EXERCISE OBJECTIVE
Each entry must be printed again without a single change.

DATA PROVIDED
- - -
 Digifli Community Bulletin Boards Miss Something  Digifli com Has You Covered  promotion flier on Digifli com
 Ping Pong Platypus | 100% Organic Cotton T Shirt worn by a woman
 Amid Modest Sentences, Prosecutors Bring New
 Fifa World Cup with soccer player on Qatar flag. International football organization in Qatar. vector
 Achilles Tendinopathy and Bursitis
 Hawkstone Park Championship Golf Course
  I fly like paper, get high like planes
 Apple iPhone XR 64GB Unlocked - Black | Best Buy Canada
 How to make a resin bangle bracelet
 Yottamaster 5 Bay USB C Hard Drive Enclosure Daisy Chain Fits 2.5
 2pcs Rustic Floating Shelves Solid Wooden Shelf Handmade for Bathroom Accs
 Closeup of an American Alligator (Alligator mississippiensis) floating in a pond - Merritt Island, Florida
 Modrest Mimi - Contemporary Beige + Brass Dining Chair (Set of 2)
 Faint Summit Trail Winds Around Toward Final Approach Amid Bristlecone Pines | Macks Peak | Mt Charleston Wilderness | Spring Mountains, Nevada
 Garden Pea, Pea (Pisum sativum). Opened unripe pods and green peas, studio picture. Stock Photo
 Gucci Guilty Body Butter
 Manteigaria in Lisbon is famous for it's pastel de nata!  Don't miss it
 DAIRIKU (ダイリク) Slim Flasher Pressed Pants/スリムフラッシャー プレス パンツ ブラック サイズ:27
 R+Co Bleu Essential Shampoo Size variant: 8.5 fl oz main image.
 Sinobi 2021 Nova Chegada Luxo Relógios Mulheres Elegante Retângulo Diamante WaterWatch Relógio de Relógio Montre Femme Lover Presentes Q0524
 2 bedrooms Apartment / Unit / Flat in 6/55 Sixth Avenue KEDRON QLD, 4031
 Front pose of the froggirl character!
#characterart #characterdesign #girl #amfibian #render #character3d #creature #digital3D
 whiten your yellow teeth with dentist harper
- - -
ANSWER TO THE PROBLEM
 Digifli Community Bulletin Boards Miss Something  Digifli com Has You Covered  promotion flier on Digifli com
 Ping Pong Platypus | 100% Organic Cotton T Shirt worn by a woman
 Amid Modest Sentences, Prosecutors Bring New
 Fifa World Cup with soccer player on Qatar flag. International football organization in Qatar. vector
 Achilles Tendinopathy and Bursitis
 Hawkstone Park Championship Golf Course
  I fly like paper, get high like planes
 Apple iPhone XR 64GB Unlocked - Black | Best Buy Canada
 How to make a resin bangle bracelet
 Yottamaster 5 Bay USB C Hard Drive Enclosure Daisy Chain Fits 2.5
 2pcs Rustic Floating Shelves Solid Wooden Shelf Handmade for Bathroom Accs
 Closeup of an American Alligator (Alligator mississippiensis) floating in a pond - Merritt Island, Florida
 Modrest Mimi - Contemporary Beige + Brass Dining Chair (Set of 2)
 Faint Summit Trail Winds Around Toward Final Approach Amid Bristlecone Pines | Macks Peak | Mt Charleston Wilderness | Spring Mountains, Nevada
 Garden Pea, Pea (Pisum sativum). Opened unripe pods and green peas, studio picture. Stock Photo
 Gucci Guilty Body Butter
 Manteigaria in Lisbon is famous for it's pastel de nata!  Don't miss it
 DAIRIKU (ダイリク) Slim Flasher Pressed Pants/スリムフラッシャー プレス パンツ ブラック サイズ:27
 R+Co Bleu Essential Shampoo Size variant: 8.5 fl oz main image.
 Sinobi 2021 Nova Chegada Luxo Relógios Mulheres Elegante Retângulo Diamante WaterWatch Relógio de Relógio Montre Femme Lover Presentes Q0524
 2 bedrooms Apartment / Unit / Flat in 6/55 Sixth Avenue KEDRON QLD, 4031
 Front pose of the froggirl character!
#characterart #characterdesign #girl #amfibian #render #character3d #creature #digital3D
 whiten your yellow teeth with dentist harper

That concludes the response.